An expert gives their prior distribution for the average daily sulphur dioxide level at a particular point in the centre of town. You measure the sulphur dioxide level daily for a week and use a Bayesian analysis to obtain the posterior distribution. When you show the data and the posterior distribution to the expert, he refuses to accept your analysis and draws a completely different distribution saying that, having seen the data, this is what he now believes.
(i) Why might your calculation and the expert’s sketch disagree?
People are strange and they do not actually update their opinions according to Bayes theorem, some are more conservative than others and some are quick to change their mind. A person whose opinions really do follow the rules of probability is described as coherent, so we could dismiss this expert as incoherent. Insulting the expert might make us feel better but it would not really address the problem.
(ii) Which distribution better describes the expert’s updated beliefs, your posterior or his sketch?
Probably the sketch.
(iii) If you reject the posterior, can you ever again be sure that a posterior distribution describes an updated opinion?
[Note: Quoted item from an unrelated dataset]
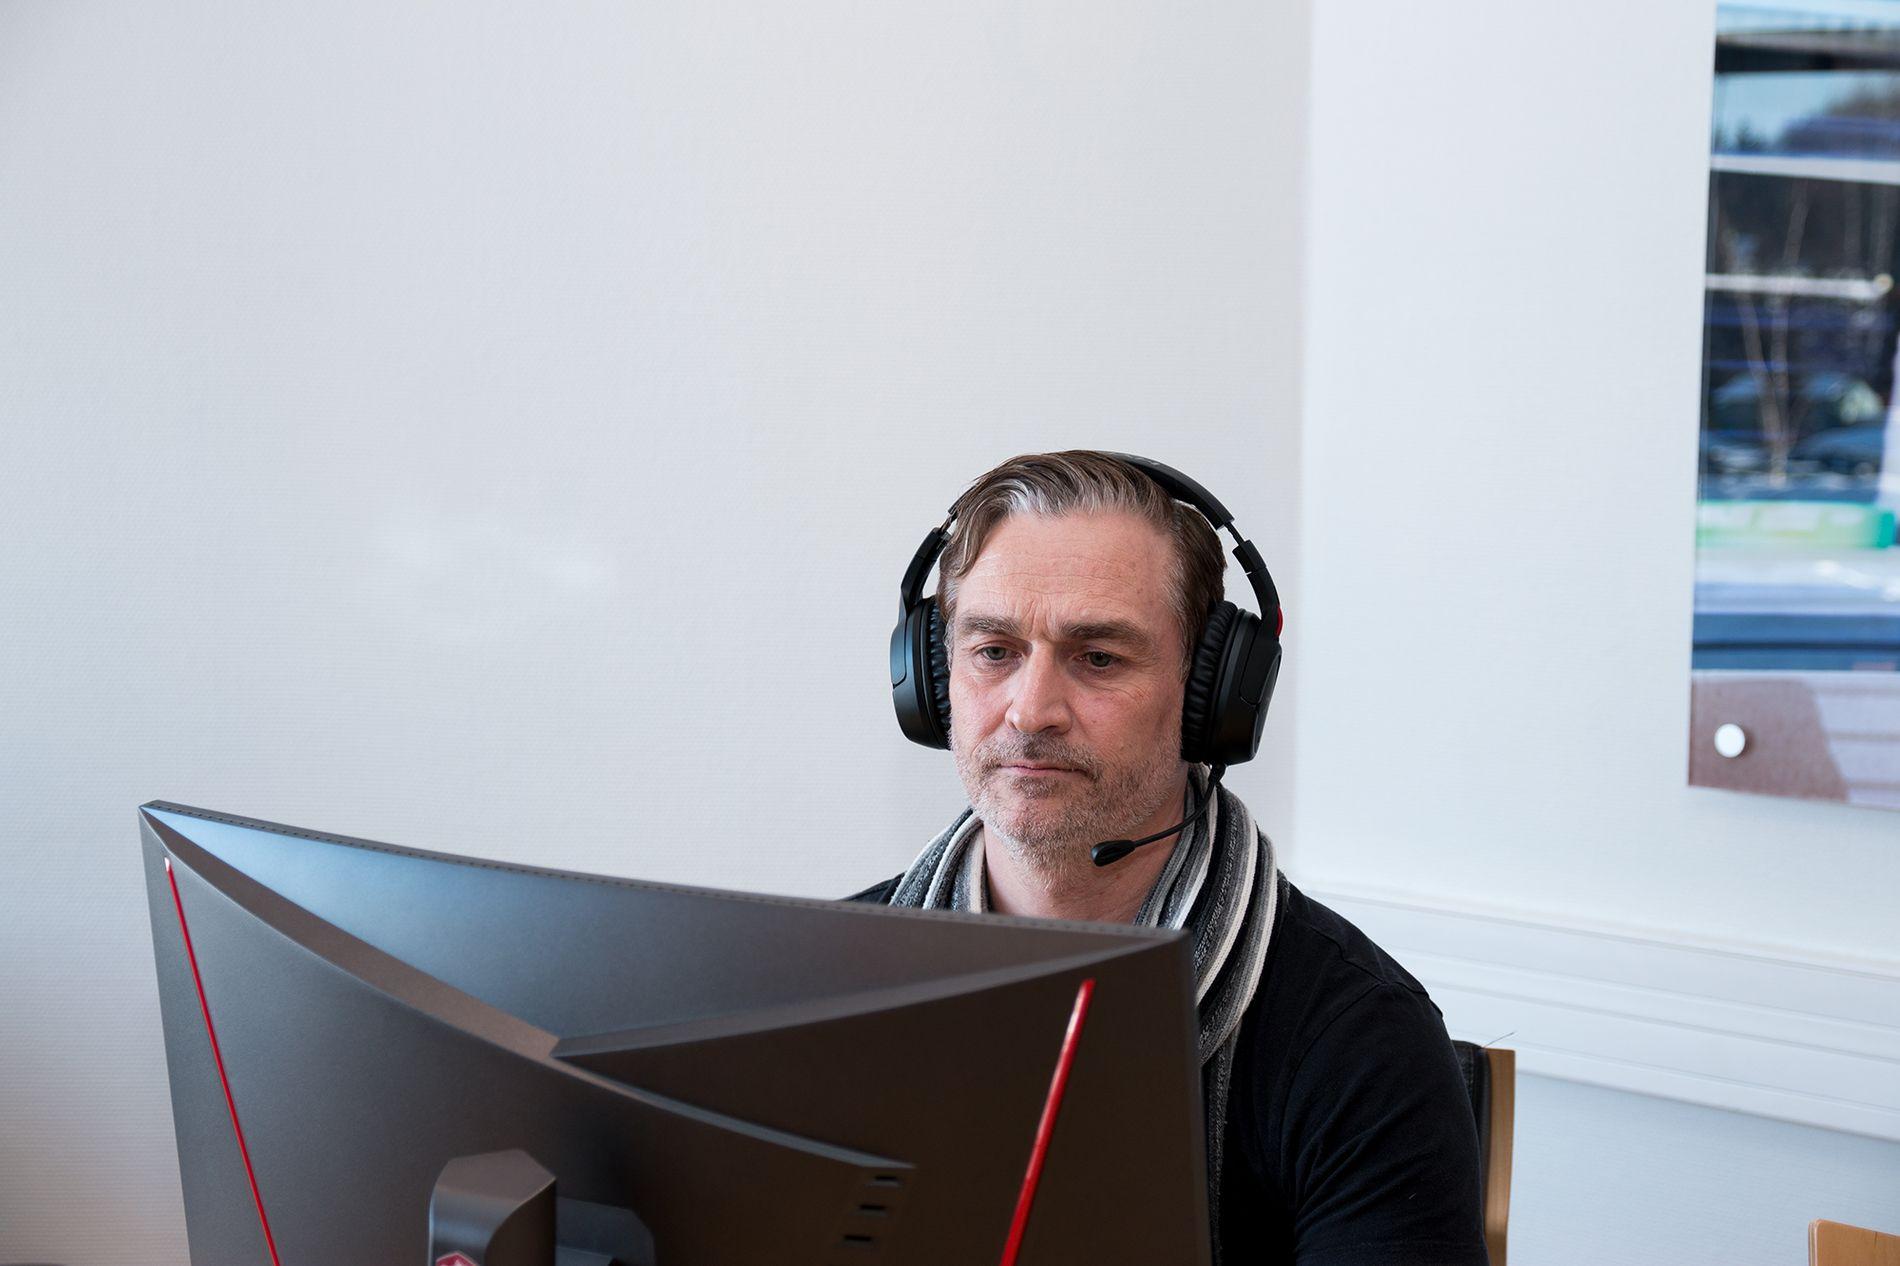 Et godt gaming-headsett kan være avgjørende for fremgangen i spill.

It is doubtful whether posterior distributions do actually describe people’s updated beliefs, what they give is a rational updating of the prior, but people are not rational.
(iv) If you reject the sketch, what confidence can you have in the prior that the expert drew?
In a Bayesian analysis the prior forms part of the model. So, as in all statistics, it is implicit that the conclusions are conditional on the model, which in a Bayesian analysis also means conditional on the prior. We might say, ‘If the data are well approximated by this mathematical model and if your prior beliefs are well approximated by this function, then this is what a coherent person would conclude’. We would certainly be concerned if small changes in the prior led to different conclusions, but the same could be said for any of the assumptions implicit in the mathematical part of the model.
Question 4:
Finally I asked about the setting of priors under a constraint. This question was meant as a step towards the general issue of eliciting expert opinion when parameters cannot be treated as independent.
A researcher wishes to estimate the proportions of different types of terrain using aerial photographs of sample areas. They agree to classify the terrain as forest, grassland or other and for a particular region give prior estimates of the percentages as 60%, 30%, 10% and when you ask them about their uncertainty they say that all prior estimates are accurate to within ±10%, that is to say they believe the percentages to lie within the ranges (50%,70%), (20%,40%) and (0%,20%)Further they believe that within those ranges all percentages are equally likely
(i) Why do these figures not describe a prior distibution?
If the first two percentages are 65% and 30% then the last one cannot be uniform(0,20). You can only place probability over combinations that sum to 100%
(ii) How would you get a non-statistician to describe their prior for this problem?
The expert has to allow for the dependence between the three probabilities. The easiest way for them to do this is would probably be to breakdown the prior into conditional stages. What proportion do you expect to be forested? What will be the proportion of grassland in the terrain that is not forested? Alternatively you could use a prior that is designed for probabilities that sum to one, such as a Dirichlet, and try to get the expert to understand that distribution. Perhaps you could generate some random data from Dirichlet distributions with different parameters and ask the expert to select the set that best reflects their opinion.